Data to examine =>
"""
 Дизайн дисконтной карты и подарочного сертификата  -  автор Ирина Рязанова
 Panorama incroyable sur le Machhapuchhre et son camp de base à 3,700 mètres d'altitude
"""
"""
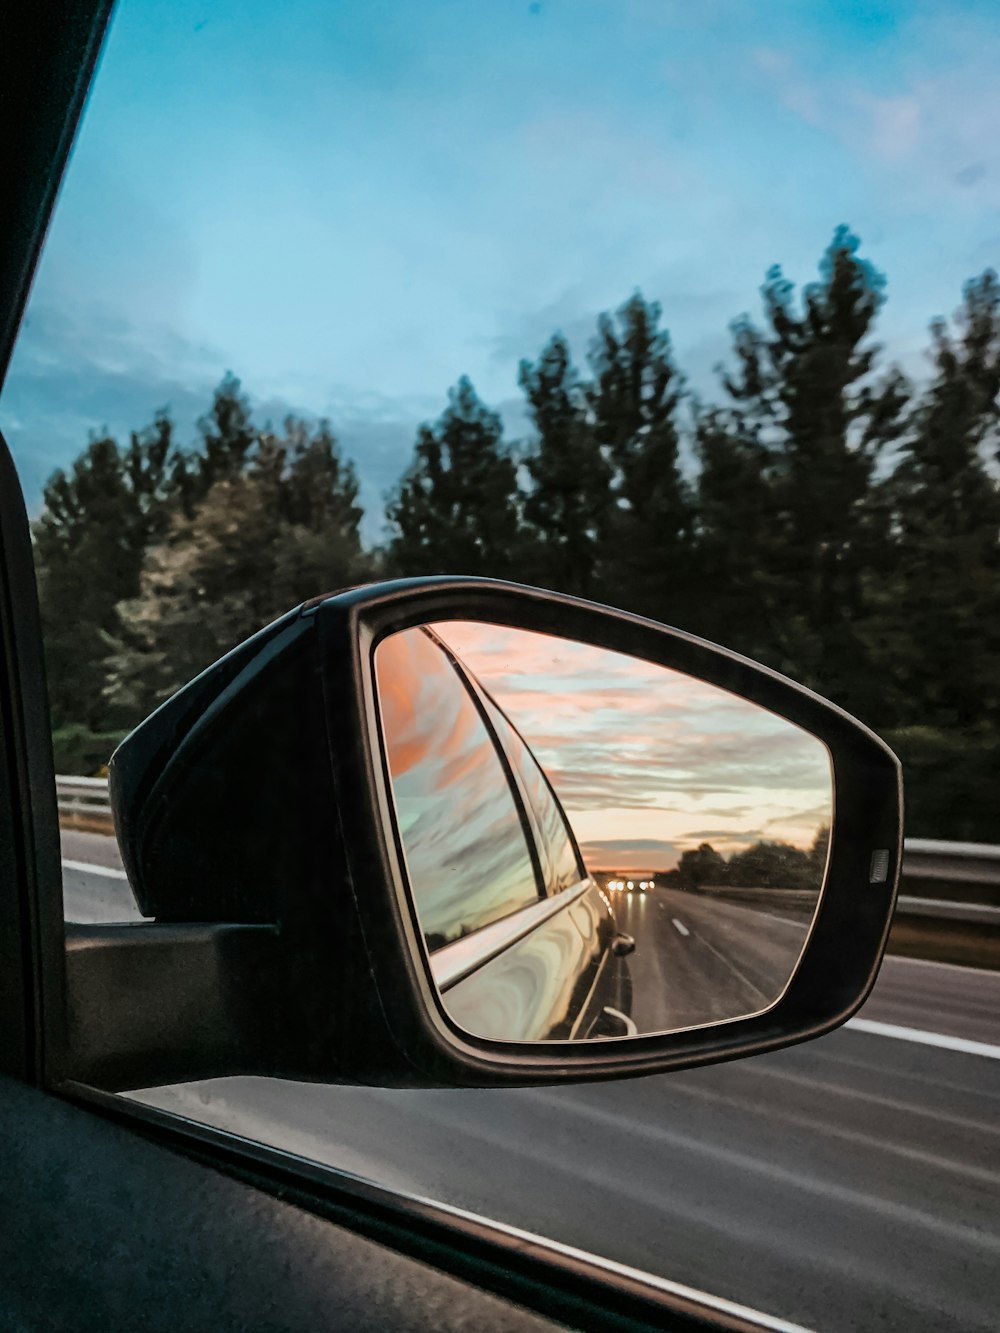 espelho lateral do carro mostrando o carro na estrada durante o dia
"""
"""
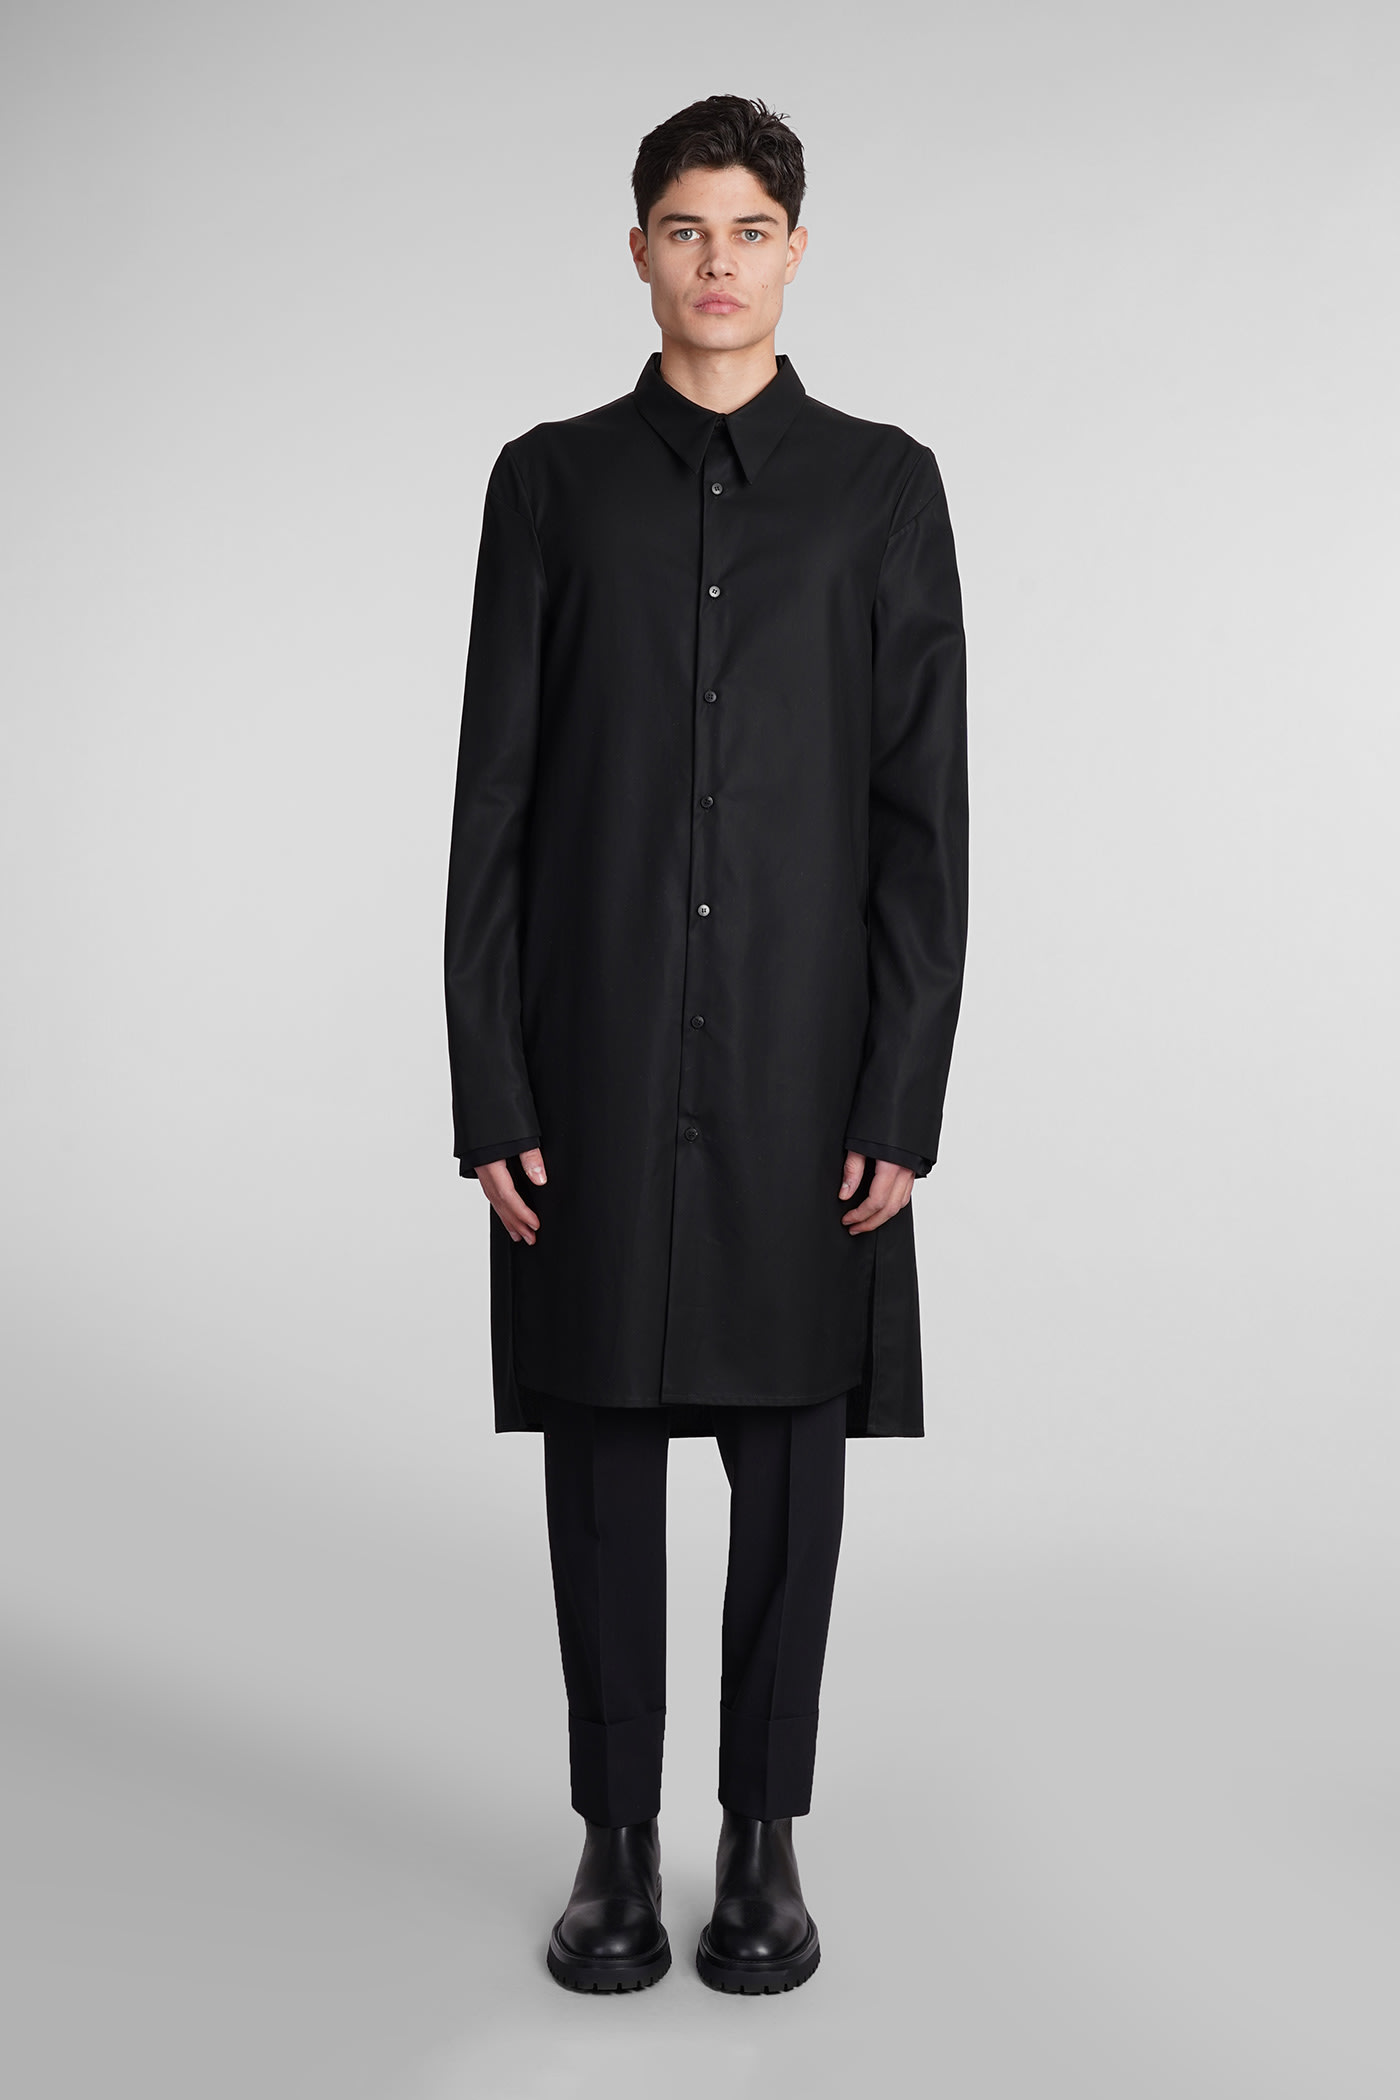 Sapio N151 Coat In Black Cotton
"""
Work task => Restate word for word the lines in the material above from the one with "Дизайн дисконтной карты" to the one with "Panorama incroyable sur"; both of those lines count, and nothing else does.

Finished task =>
 Дизайн дисконтной карты и подарочного сертификата  -  автор Ирина Рязанова
 Panorama incroyable sur le Machhapuchhre et son camp de base à 3,700 mètres d'altitude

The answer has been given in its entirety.